[About this task] Everything from the "303-Gallery-Jeppe-Hein-1" line to the final line of the listing should be written out exactly. Skip the pictures.

[Data below]
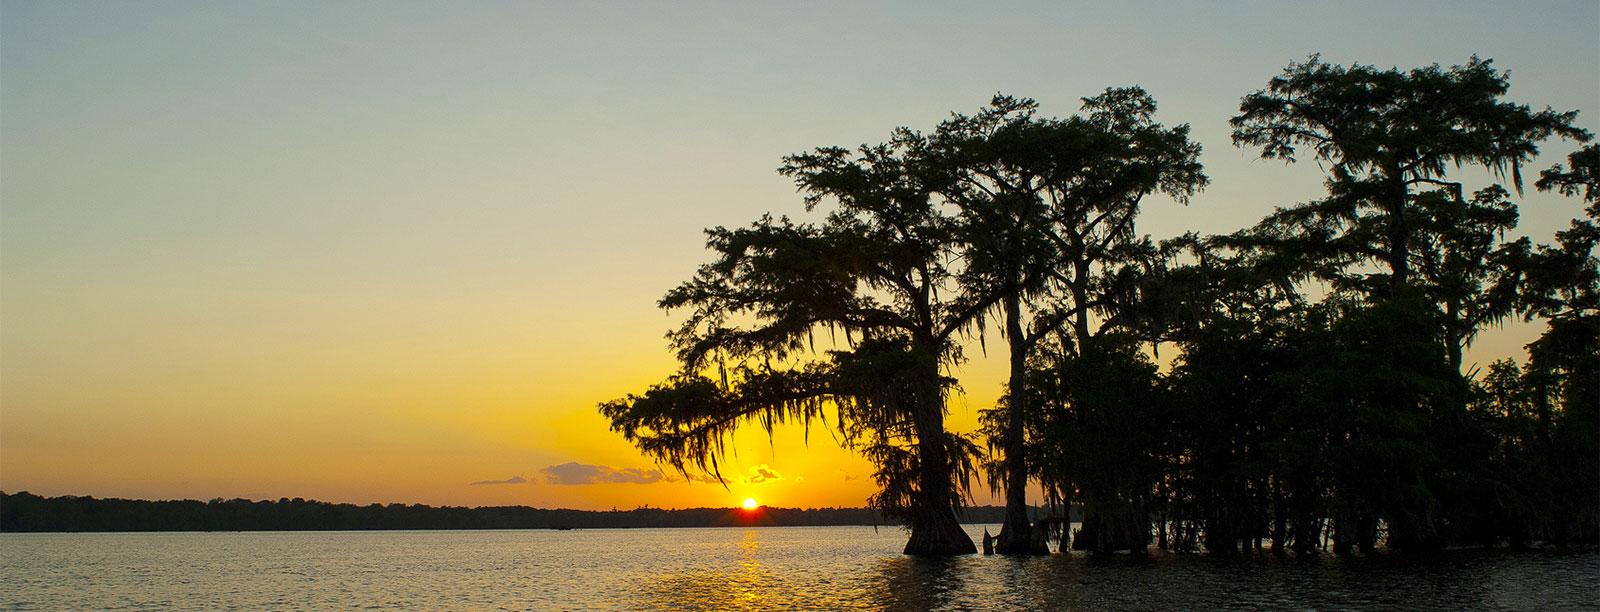 South Louisiana #4595
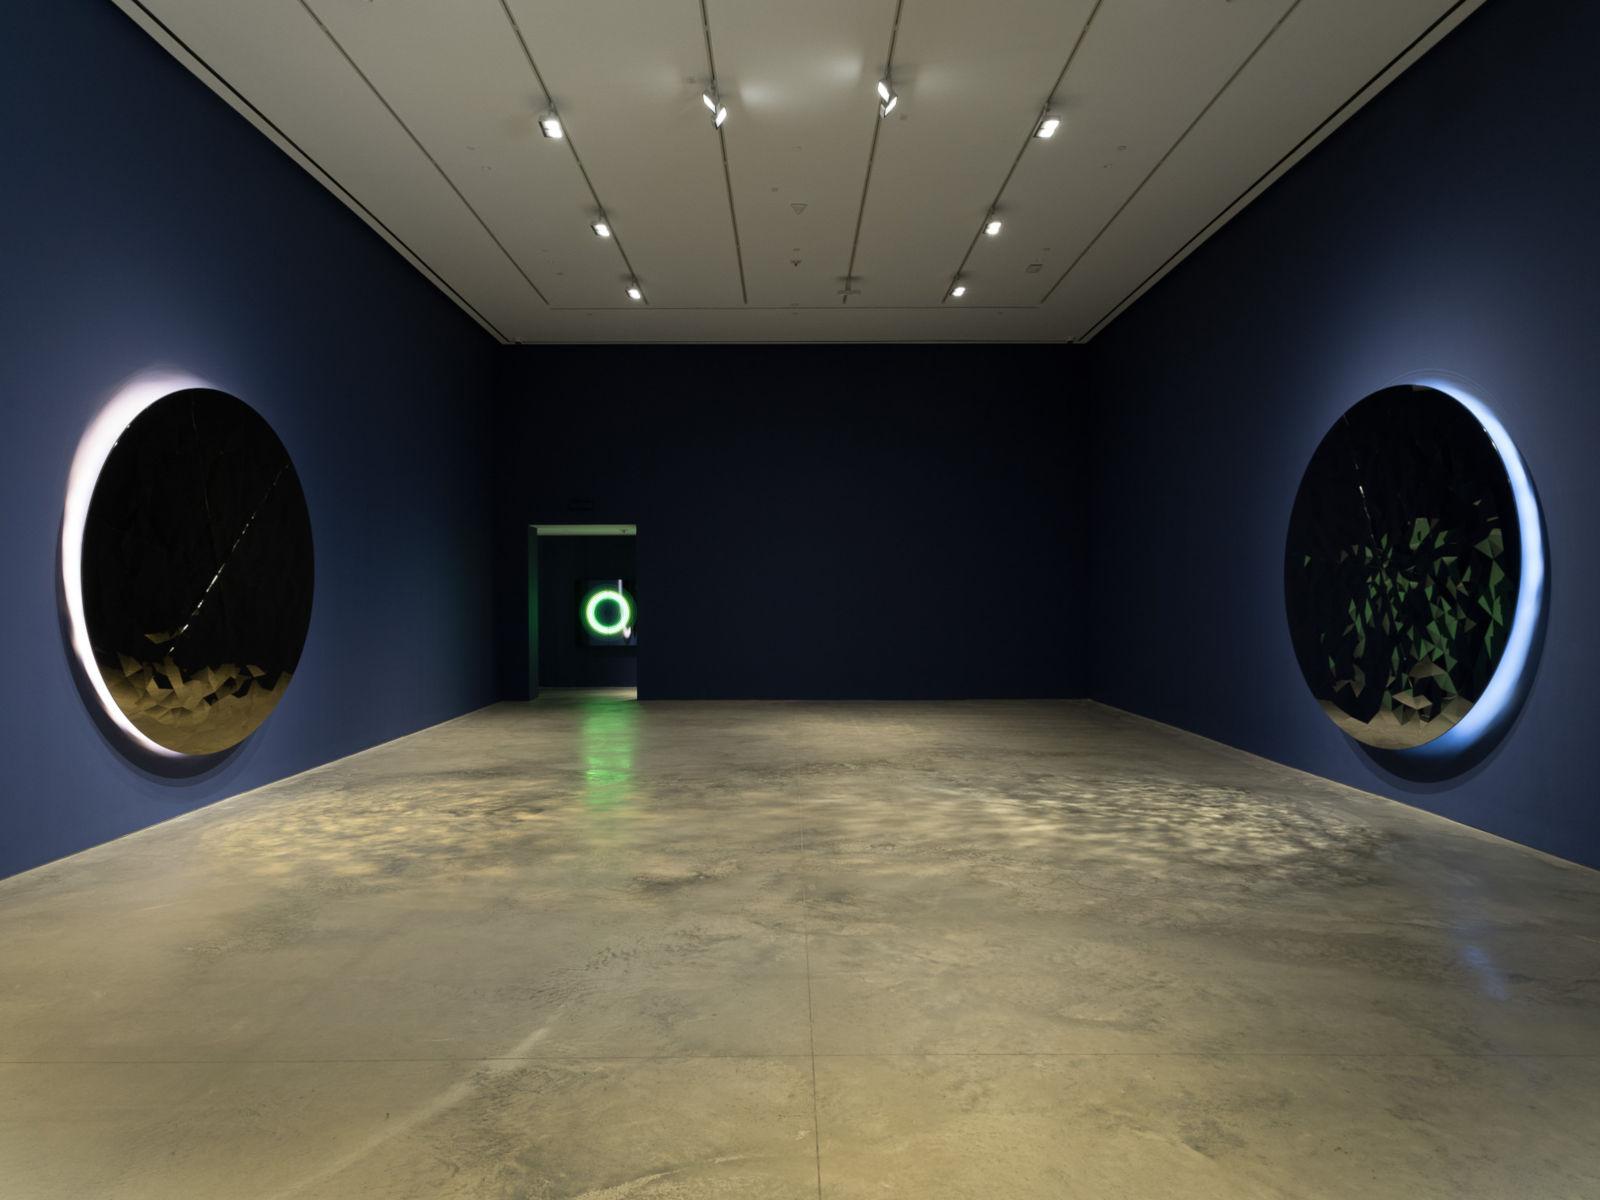 303-Gallery-Jeppe-Hein-1
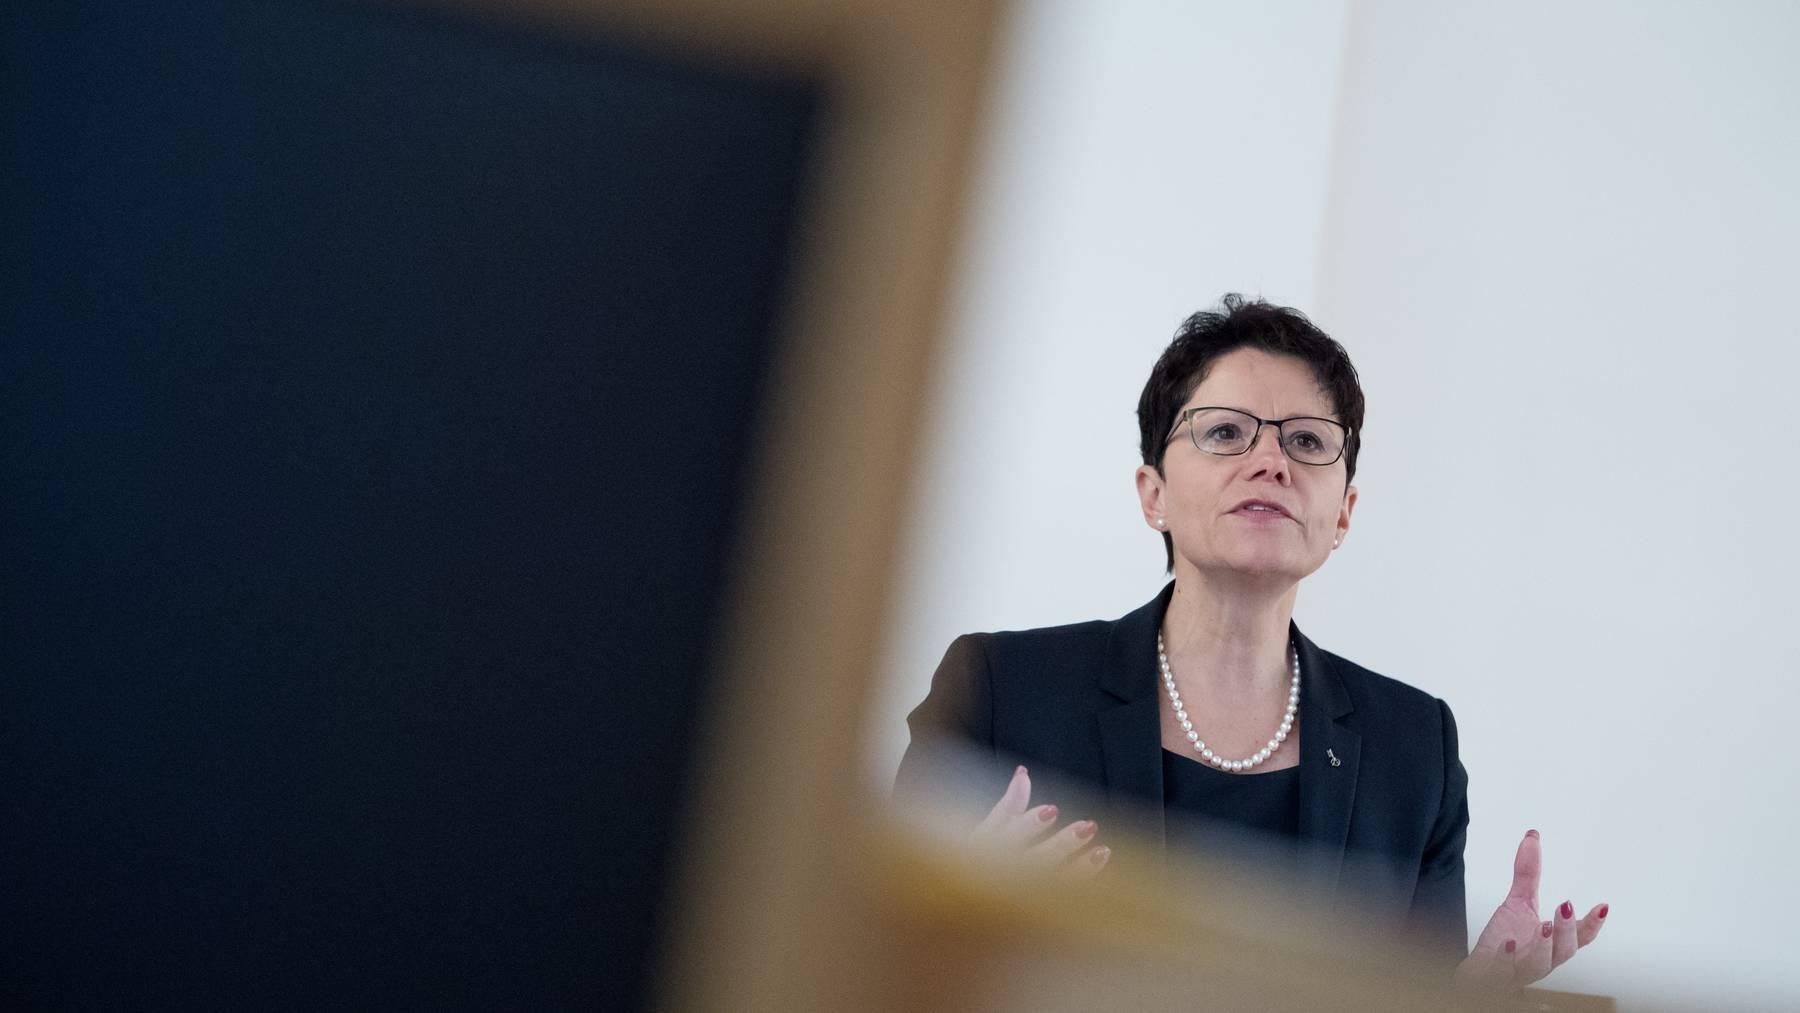 Gesundheitsdirektorin Maya Büchi-Kaiser erklärt die Übernahme der Bundesregeln in Obwalden mit der Pandemieentwicklung. (Archiv)

[Response]
 303-Gallery-Jeppe-Hein-1
 Gesundheitsdirektorin Maya Büchi-Kaiser erklärt die Übernahme der Bundesregeln in Obwalden mit der Pandemieentwicklung. (Archiv)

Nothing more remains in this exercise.